You couldn't very well call up every publisher and say "hey, send me a PDF of everything you have a copyright on so I can start a business doing automatic copyright-checking." But if you have a popular document hosting site, you can rely on the publishers to incrementally develop that database for you. And your business goals line up very well with your DMCA legal requirements.

This would be a very clever hack. I doubt Scribd chose to pursue it intentionally, but either way, an "Is this blob of text copyrighted by someone else?" API would be a very valuable service.


Summary:

- Scribd is a publisher, not a service provider, and therefore should not be granted the DMCA's safe harbor provisions.

- Scribd knows that they publish copyrighted material.

- Scribd profits from publishing the copyright material.

- When a content creator requests that content be removed, Scribd retains a copy of that material for use in later identifying copyrighted material, without the permission of the content creator.

- Additionally, Scribd allows authors to upload their works to the copyright protection system in order to be recognized when uploaded by a user, but Scribd requires the content creator waive their right to sue Scribd before they may do so.

- Case law originating on the west coast is popularly interpreted as granting companies like Scribd safe harbor provisions.

The book that resulted in the case, "Stocks and Bonds, Profits and Losses", is a children's book written in 1984 (published 1985) which is now out of print.


A year or two ago I explained to my mother, a lawyer of 30 years, how web sites like YouTube work. I explained that some people figured out that a provision in the DMCA implied these practices were ok and case-law seems to uphold this. She was blown away. To be fair, my mom doesn't do email or surf the web, ever, but its amazing how many people don't understand this substantial change in intellectual property law.


Could you provide some more information on what changes you are referring to?

Are you saying that before the DMCA, Scribd's standard operating practice would have been more illegal or more legal?


"The Digital Millennium Copyright Act has notable safe-harbor provisions which protect Internet service providers from the consequences of their users' actions." - http://en.wikipedia.org/wiki/Safe_harbor

Every legal opinion I've ever read thinks scribd, youtube, etc can only exist due to this law.



Hm, let's see - is reading through a 22 page pdf about a court case (presumably written in lawyer lingo) good use of hacker time?


Much more relevant than CIA manuals, 'the problem with black people', treasure islands or some of the other crap getting voted up.


Maybe - I don't question that the case in question could be interesting, but surely it could be summarized in less than 22 pages of lawyer lingo?


No argument there.

Basically it's an infringement case, stating that removing stuff when asked isn't good enough.


'Lawyer Lingo?' It reads quite well and is a well organized document. The outcome also will set the precedent and give na idea on how the Courts are going to handle new technology.

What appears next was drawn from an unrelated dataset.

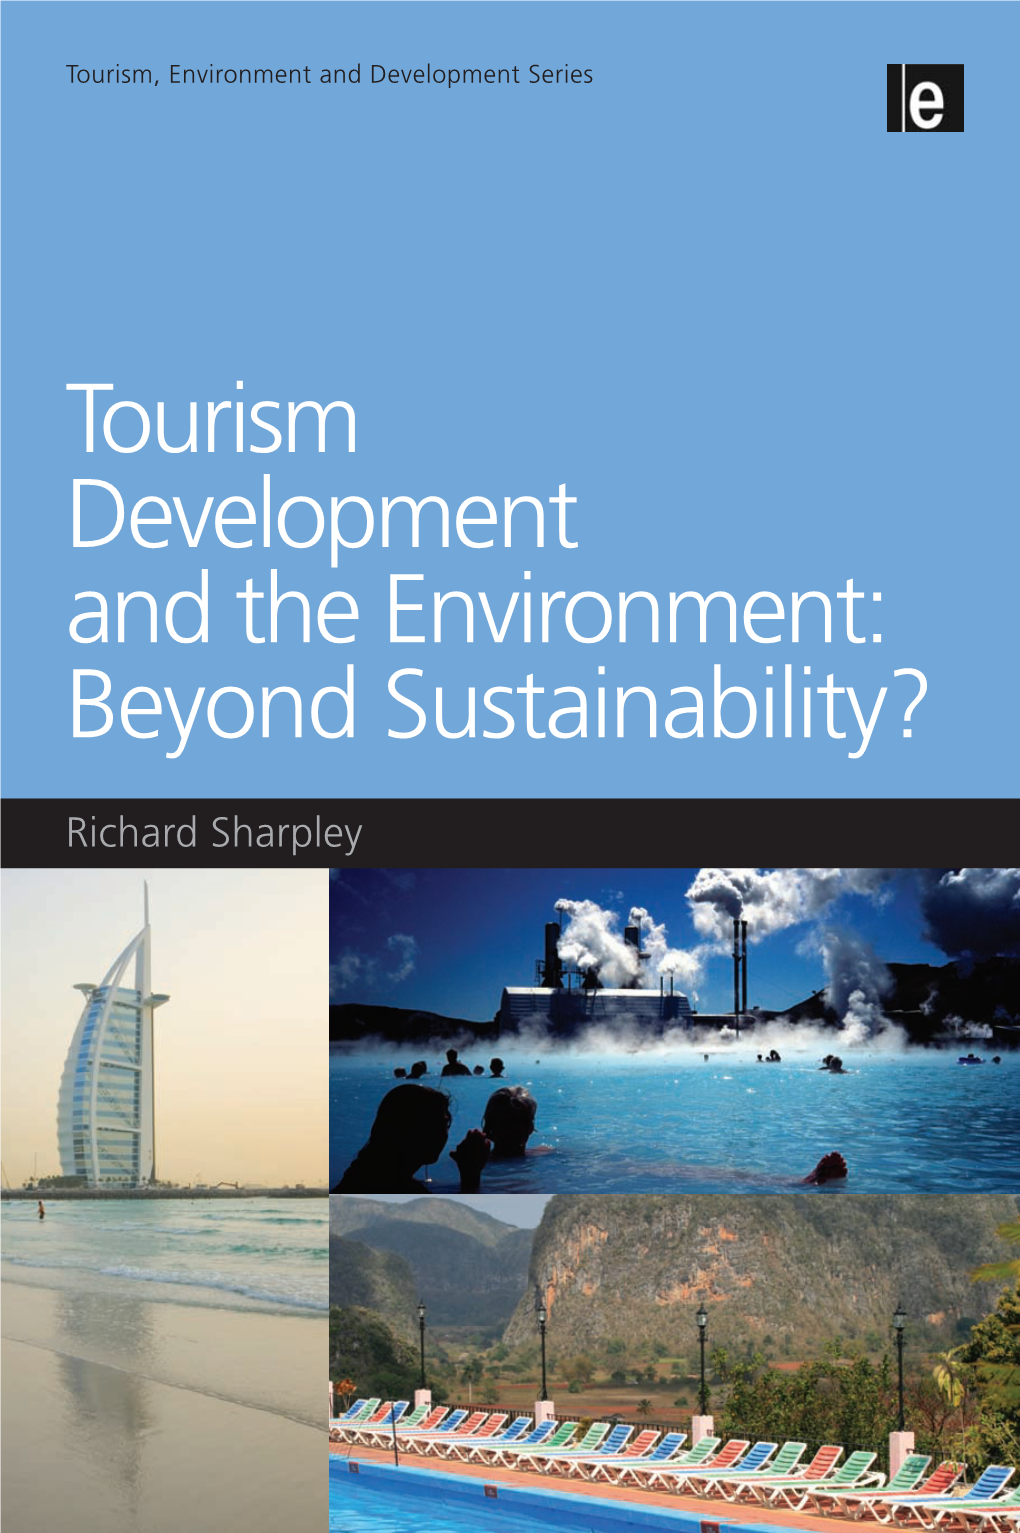 Tourism Development and the Environment: Beyond Sustainability? and Thought-Provoking Critique of Sustainable Tourism Development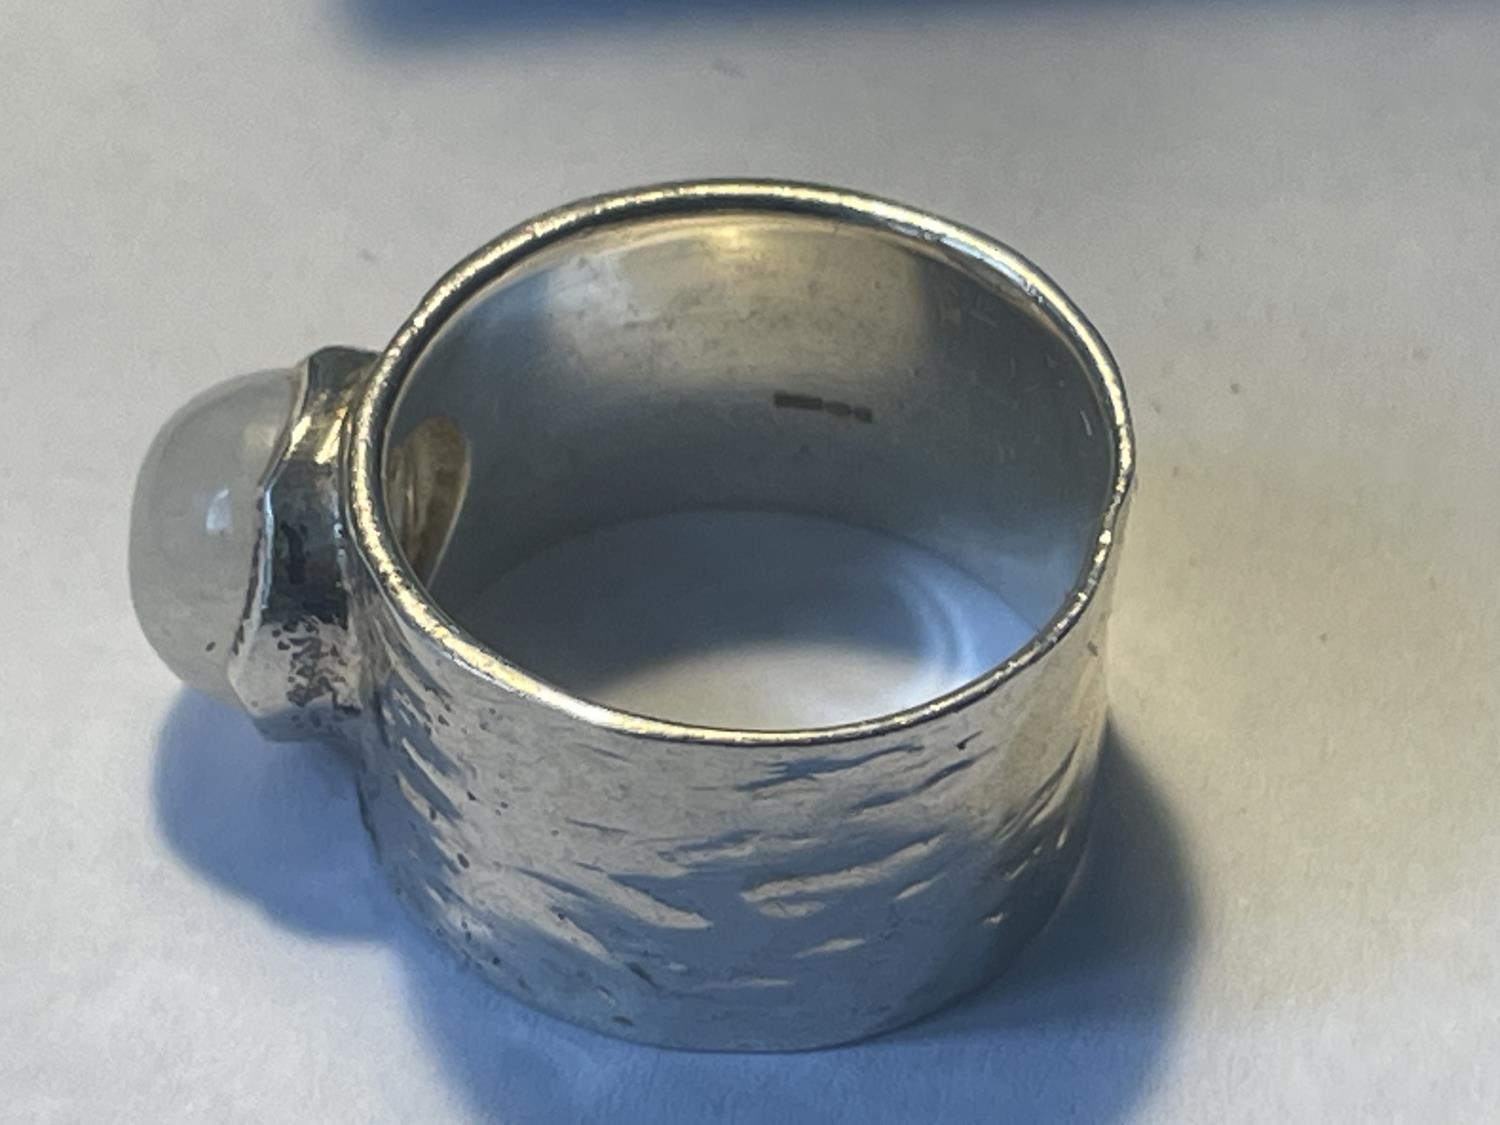 A SILVER RING WITH OPAQUE STONE IN A PRESENTATION BOX - Image 3 of 4

I agree that the number of pages alone should not disqualify it. If somebody would post the "ultimate Erlang reference in 100 pages", it would probably be upvoted, too. But please at least give me a reason to start reading it. Should I really read through 22 pages to figure out if it is even relevant to me?


you obviously do not need to read all the 22 pages... it is well organized and you can navigate the document very clearly. I looked for about a minute and was able to figure everything I needed. It's actually quite interesting and informative...in the time it has taken you to write all of these replies you definitely could have gotten some idea what this 'lawyer lingo' really was.


Anyone got a Scribd mirror of the PDF?


Can't people use some better models for monetizing on their creations in place of old "Pay us or we won't show you!"? It's hurting all of us and we have technology now to deal with this some better way.